In FRIDAY THE 13TH PART 2, a fun-loving group of hedonistic teens arrive to attend a camp counselor training camp near Crystal Lake. On the first night, while sitting around a campfire, Paul, who is in charge of training the camp counselors, tells of the murders that transpired five years before in a nearby camp, and the rumors that Jason Voorhees, the boy who was thought to have drowned in the 1950s and whose death was being avenged by his mother in the recent killings, still stalks the surrounding woods, killing anyone who crosses his path. He concludes the tale by assuring them that the area is now safe. Two of the counselors, Jeff and Sandra, decide to check out Camp Crystal Lake, now closed, to see firsthand where the killings took place, but they are stopped by a local deputy.
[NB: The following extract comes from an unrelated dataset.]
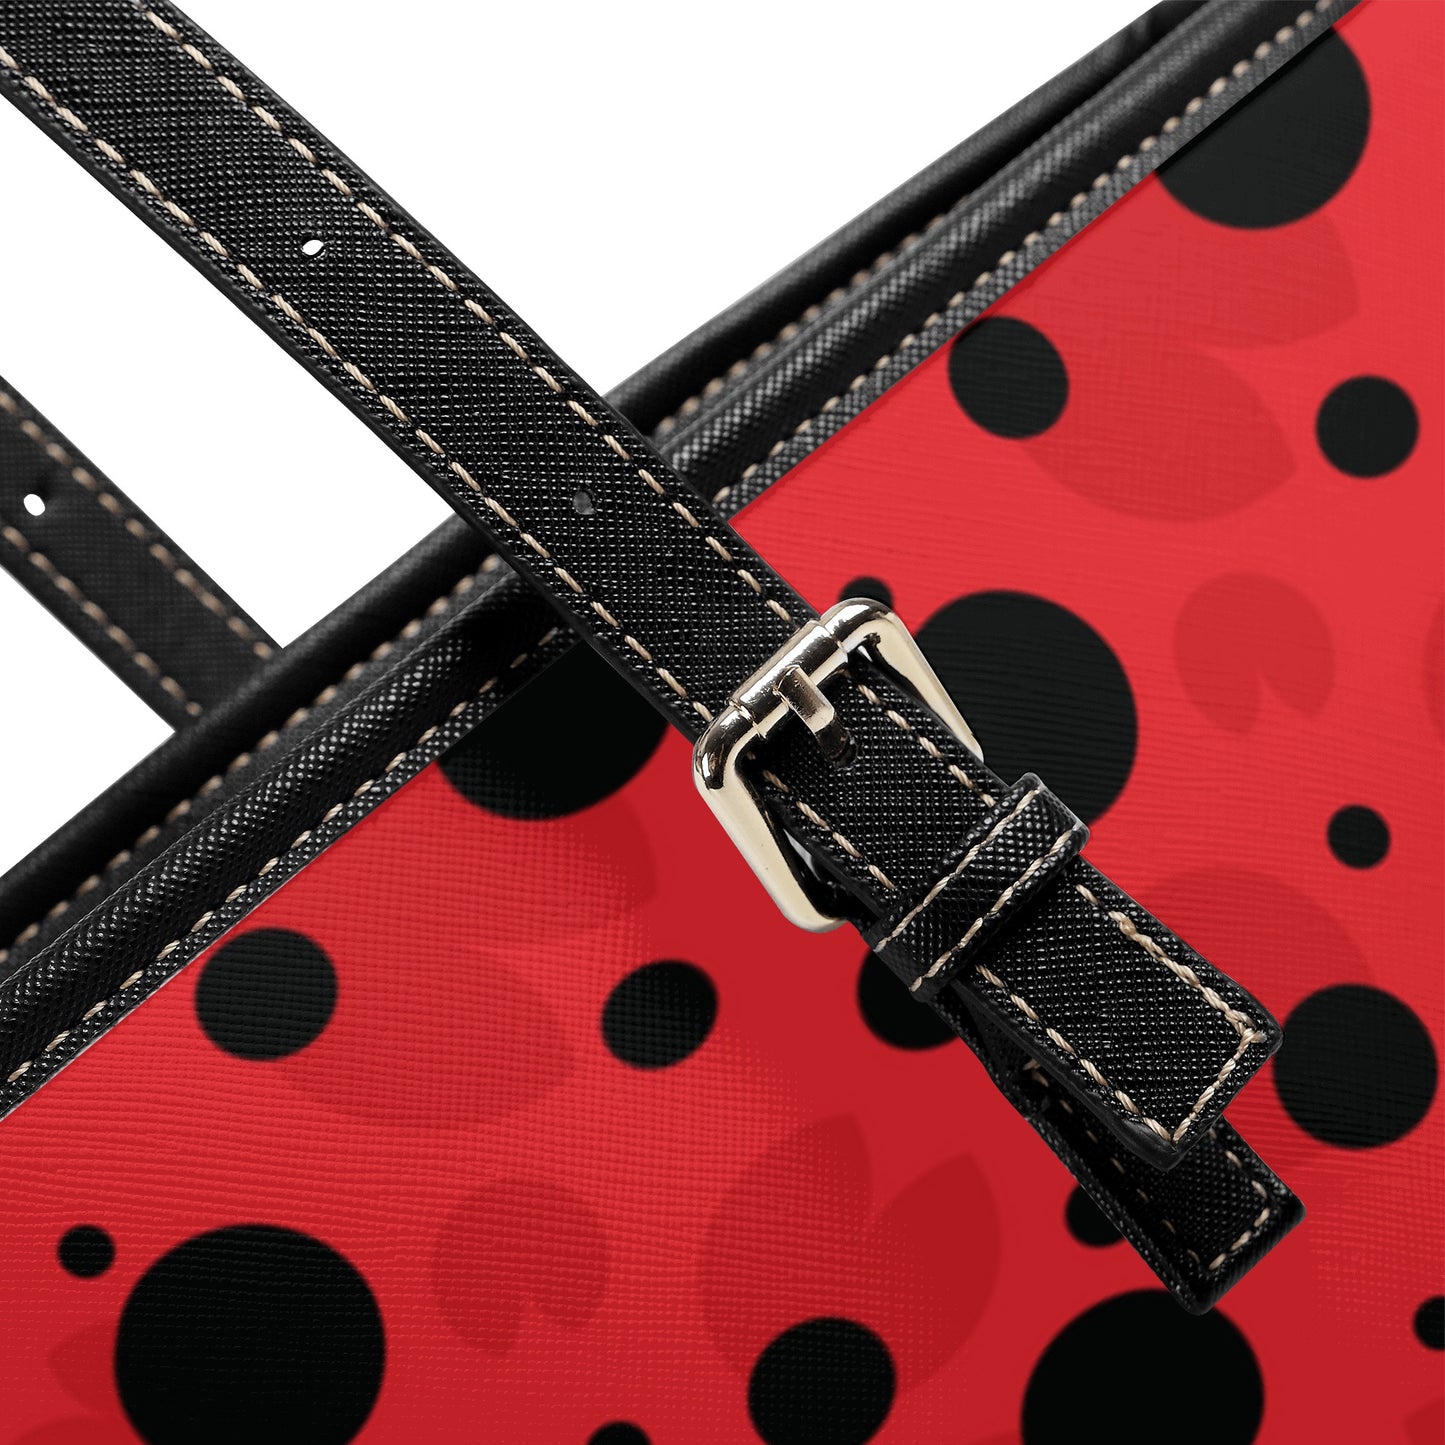 Ladybug Tote Bag Purse, Red Black Dots Vegan Leather Print Handbag Women Zip Top Small Large Designer Handmade Shoulder

After returning them to the camp, the deputy starts to drive back to town, but then sees a mysterious figure crossing the road and into the woods. The deputy goes deep into the woods, where he finds a rundown shack, and as he explores its insides, he's killed with a hammer claw. Meanwhile, while some of the counselors go into town for one last night of fun before the serious training begins, others stay behind and begin to get murdered in the woods or in their beds. Paul and his assistant, Ginny, return to the camp and as they start to realize what happened, Jason appears and chases them into the woods. Ginny discovers the shack in the woods, and inside, sees the shrine Jason has made to his dead mother, with her old clothes and severed head. Now knowing that this killer is in fact Jason, Ginny resorts to a desperate gamble to outsmart Jason and put a stop to the killing.
Is it any good?
When people think of bad sequels in movie franchises that wore out their welcome and insulted everyone's intelligence, the Friday the 13th franchise wins the prize. That said, Friday the 13th Part 2 is still early enough in what would be twelve increasingly ridiculous sequels to have a somewhat coherent storyline rooted in at least a tiny bit of logical suspension of disbelief. The gratuitous sex and violence were typical of the times, when Hollywood churned out so many horror or "party" movies to appeal to the teen market of the early 1980s, and there's a kind of period charm to it amid scenes of bloody murder by assorted implements.
There is a story, or at least a premise, that occasionally shows up in the movie, but this is essentially a textbook example of a slasher horror movie, with the obligatory jump scares, tense music, nudity to fill in the down time, and lots of blood. When it was first released, it's safe to say that "the big reveal" that Jason is the killer surprised no one, and now, decades later as the name Jason Voorhees is now an internationally-recognized icon of both horror and cynically dumb sequels, there's literally no shock in what Ginny and Paul discover in the shack in the woods. All that's left, all these years later, is an average slasher movie.
Talk to your kids about ...
Families can talk about the "slasher" subgenre of horror movies. What do you think is the continued appeal of these movies?
How does Friday the 13th Part 2 use "jump scares," music, and the camera shots intended to represent Jason's point of view to build suspense before the characters are murdered?
How does the movie portray teen drinking, drug use, sex? Is it realistic?